What is Term Life Insurance Plan – Here’s all you need to know!
We all work hard to ensure that our loved ones always have a better today and tomorrow. One of the most important instruments that can ensure the financial safety of your family is a Term Insurance Plan.
What is a Term Insurance Plan?
A Term Insurance Plan is a kind of a life insurance plan that compensates the beneficiary of the insured person, in case of the unfortunate death of the insured during the policy term. The sum insured opted under the policy is payable as a death benefit to the beneficiary or nominee on filling of a death claim with the insurance company, assuming the policy is premium paying.
How does a Term Insurance Plan work?
Term Insurance Plan is a pure insurance cover. It is the simplest form of life insurance for securing the financial future of your loved ones in your absence, by financially indemnifying them to live their lives as before. Affordability is an essential aspect of a Term Insurance Plan. Under a Term Insurance Plan, the individual can get high coverage amount at the most affordable premium price.
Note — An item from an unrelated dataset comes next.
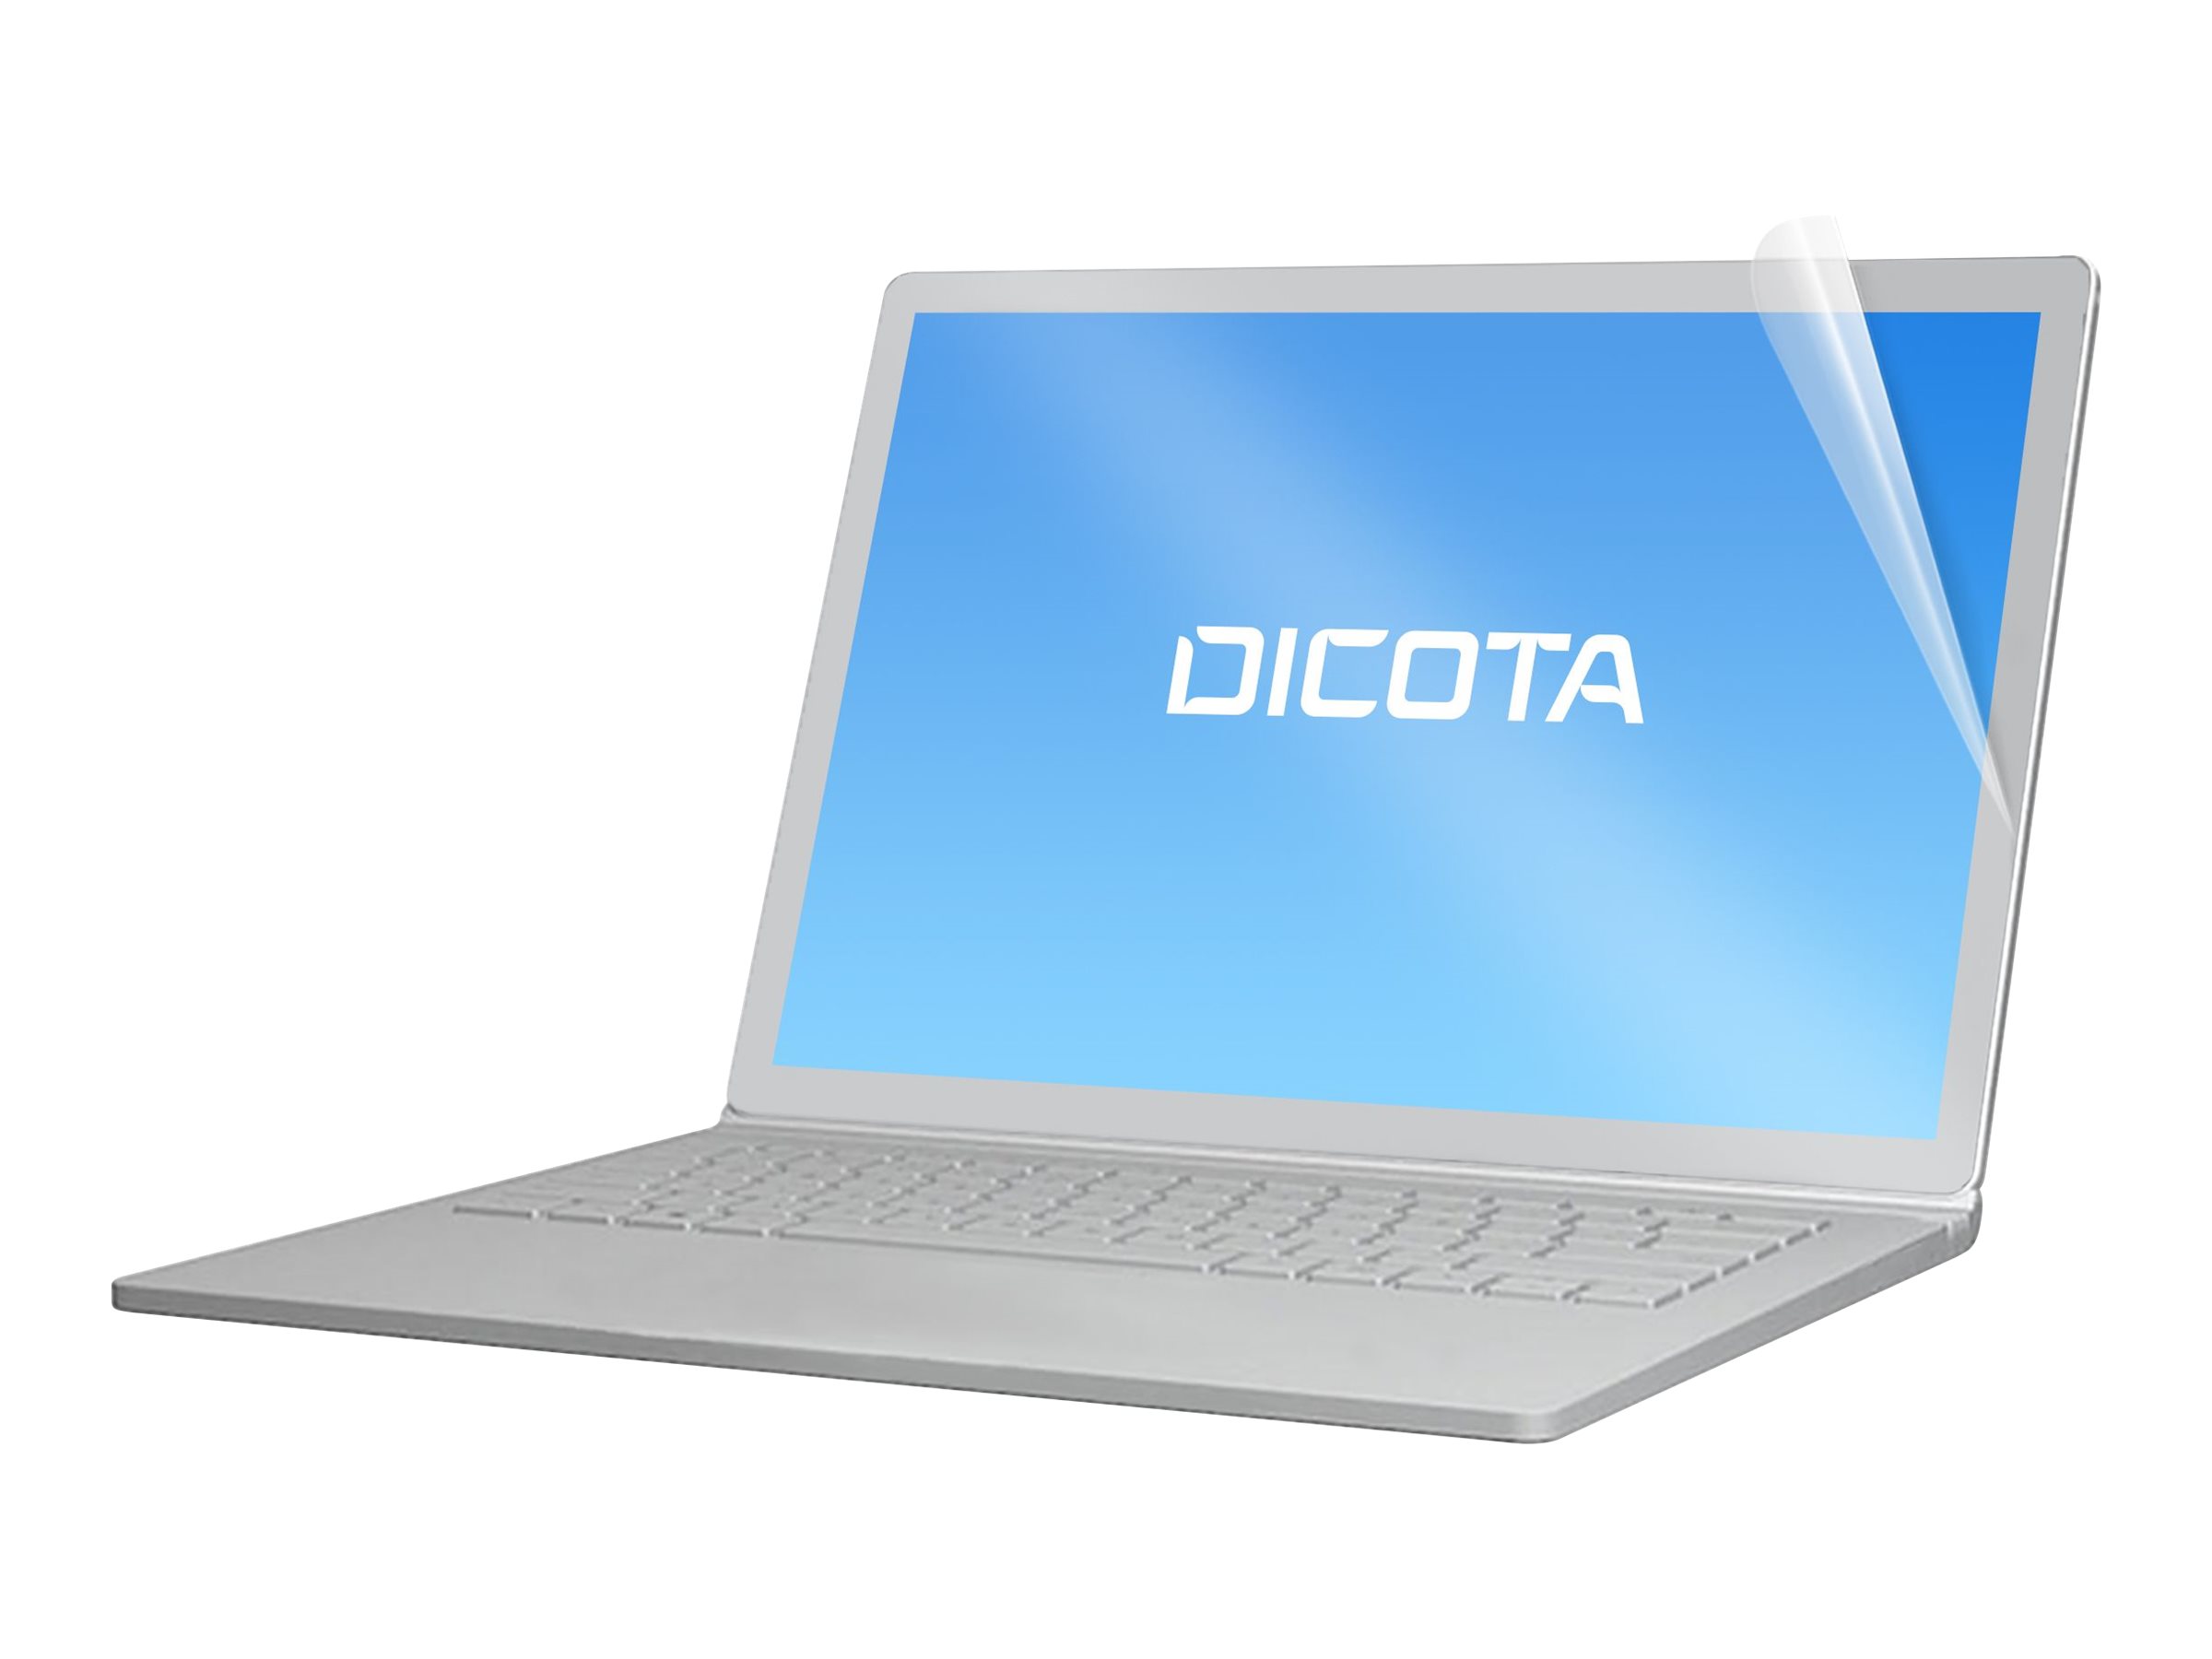 DICOTA - Filtre anti reflet pour ordinateur portable - transparent - pour Dell Latitude 7200 2-in-1 - D70180 - Accessoires pour écran

Term Insurance Plan is a pure protection plan that offers death benefit on the death of the insured during the policy term, with no maturity benefit given on survival till the completion of the policy term.
The premiums under the term plans are affordable, and with the availability of online term plans, one can further avail a reduced premium, since there isn’t any cost of intermediaries like agent commissions. This makes Term Insurance Plans, the cheapest, and the most affordable form of life insurance. Also, insurance companies offer differential premium pricing for females and non-smokers which further lowers the premium cost. Opting for a large sum of the insured amount also helps in getting an additional discount on premium from your insurer.
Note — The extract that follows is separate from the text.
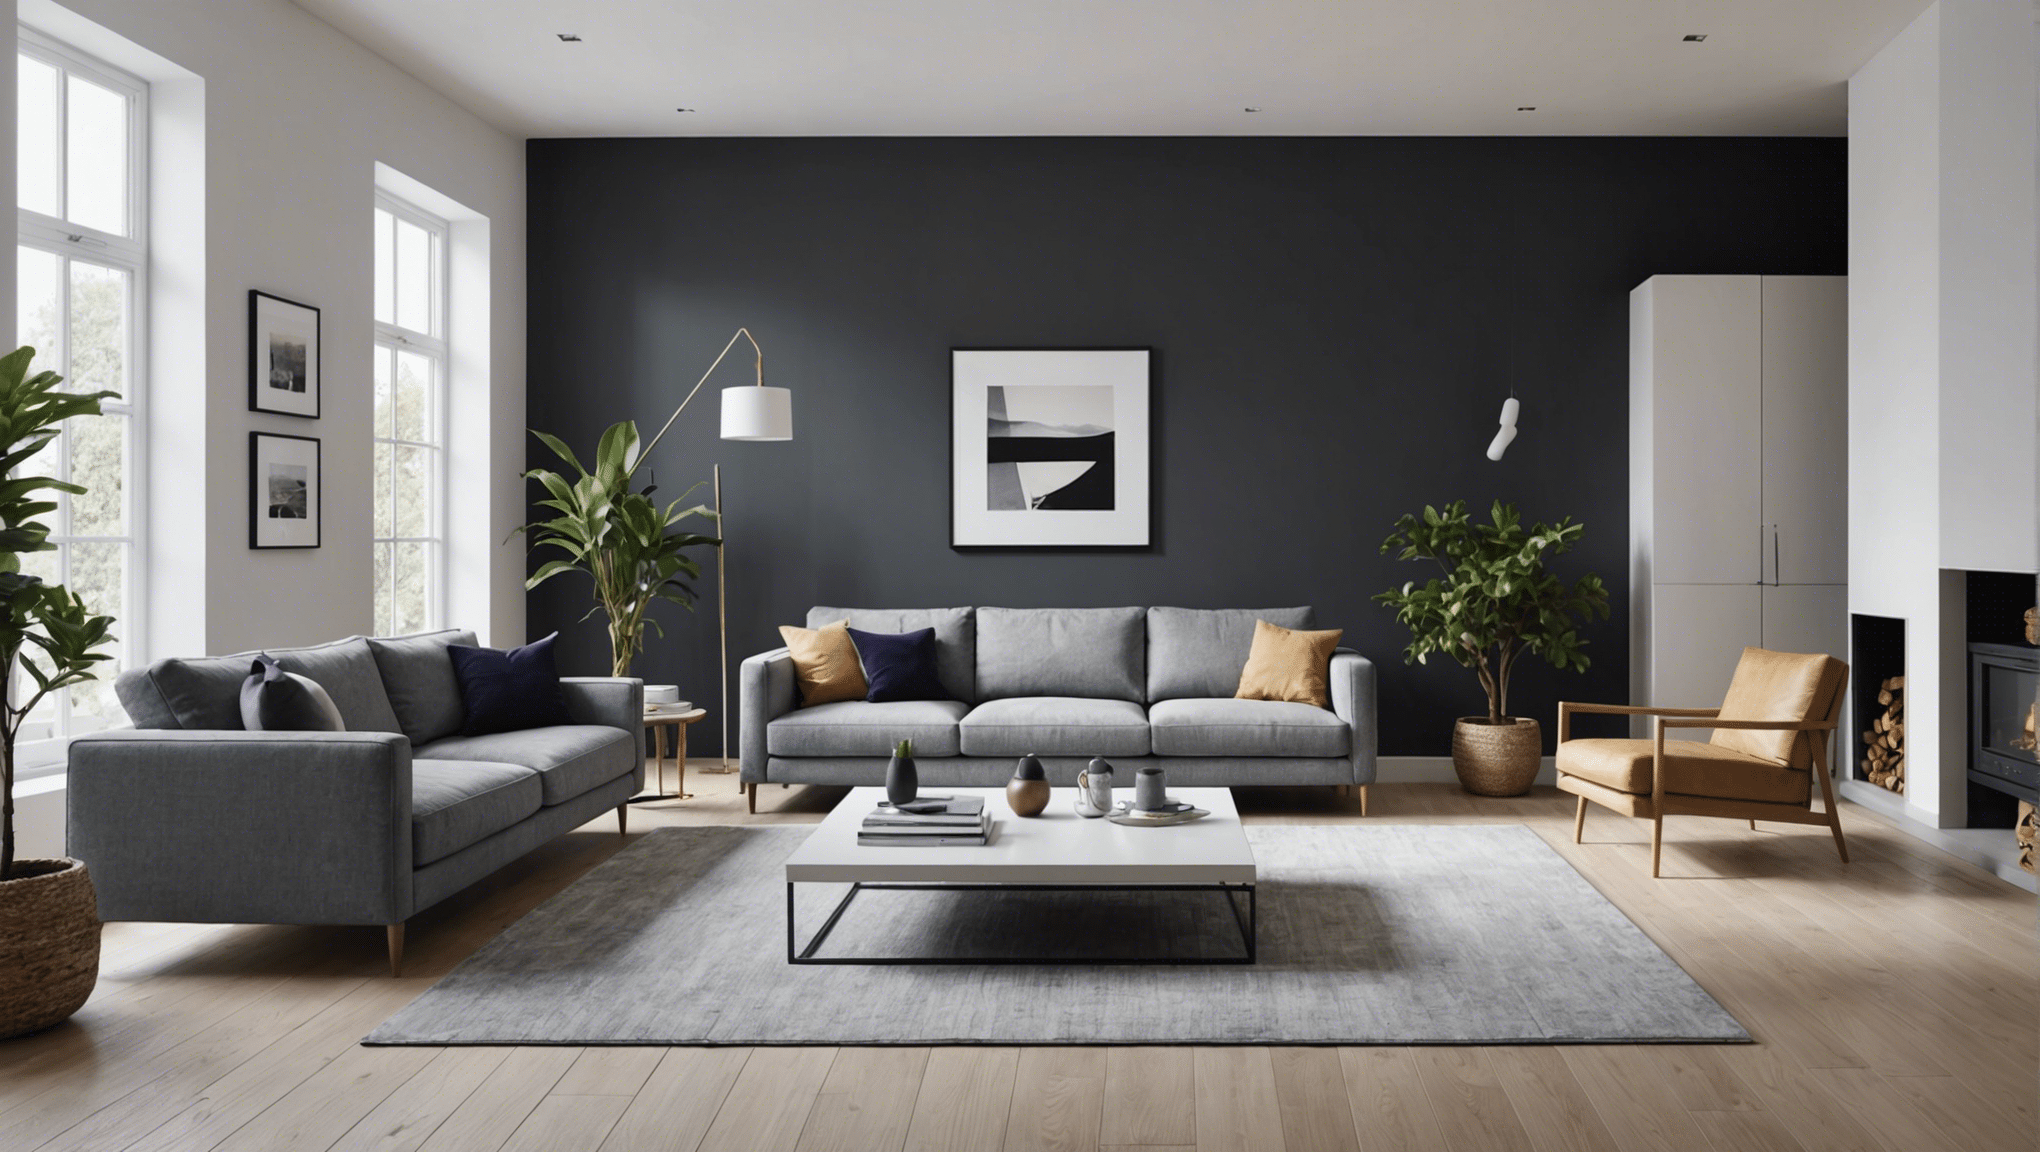 découvrez comment créer un intérieur minimaliste et confortable grâce à nos conseils pour transformer votre espace en un oasis de sérénité.

It also helps you to get a tax benefit under section 80 C of the income tax act of the land. Also, a term plan bought at an early age offers lower premium rates.
Why is Term Life Insurance Important?
Considering the fact that life is unpredictable, one should always have a backup financial arrangement to support his/her family. Also, looking at the mounting inflation, lifestyle expenses, education expenses of children, easy monthly instalments (EMI), etc. survival of the family members in the absence of an earning member becomes tough (even if you have some savings in hand). To combat the financial crisis in these scenarios, a substantial fund or corpus is necessary for the family members to continue their lives with some financial comfort. It is not easy to build such a corpus with few handfuls of savings or investment schemes. A term plan takes care of your family’s financial needs and provides them with financial stability through lump sum payout in times of distress.
Benefits of Term Insurance Plans:
- Payout Options – are offered in, lump sum amounts at the end of the term, staggered payouts along with the lump sum amount, regular monthly income along with the partial lumpsum amount
- Riders – are available in the form of accidental death benefit rider, critical illness rider, and waiver of premium rider for comprehensive protection against death, disability, accident or disease
- Premium Payment Mode - available as monthly, quarterly, semi-annually or annually, as per one’s financial comfort of premium payment
What are the different types of Term Insurance Plans?
A Term Insurance Plan comes in various forms, and knowing the differences can help you in selecting the Term Insurance Plan that best suits your needs.
Term Insurance Plans can be classified into the following six types:
• Level Term Plans
• TROP (Return of Premium) Plans
• Increasing Term Plans
• Decreasing Term Plans
• Convertible Term Plans
Here are more details on Term Insurance Plans:
Level Term Plans
Level term plans are the most basic Term Insurance Plans. In level term plans, the sum assured is fixed throughout the policy and the benefits are paid to the nominee on the death of the life insured.
TROP (Return of Premium) Plans
TROP plans come with a maturity benefit. On surviving the policy tenure, the life insured gets back the total paid premium.
Increasing Term Plans
In increasing term plans, the policyholder can increase the sum assured on annual basis during the policy tenure, with the premium account at the same value. The premiums are slightly higher than level term plans.
Decreasing Term Plans
In decreasing term plans, the sum assured keeps decreasing each year to meet the decreasing insurance needs of the life assured. This plan works best for individuals who have already opted for large loans in the past.
Convertible Term Plans
By opting for a convertible term plan, the policyholder can convert one type of term insurance pan into another type of plan at a future date. This helps the policyholder to adapt the plan as per his/her financial targets.
A Term Insurance Plan should be a priority, considering the unpredictable nature of life!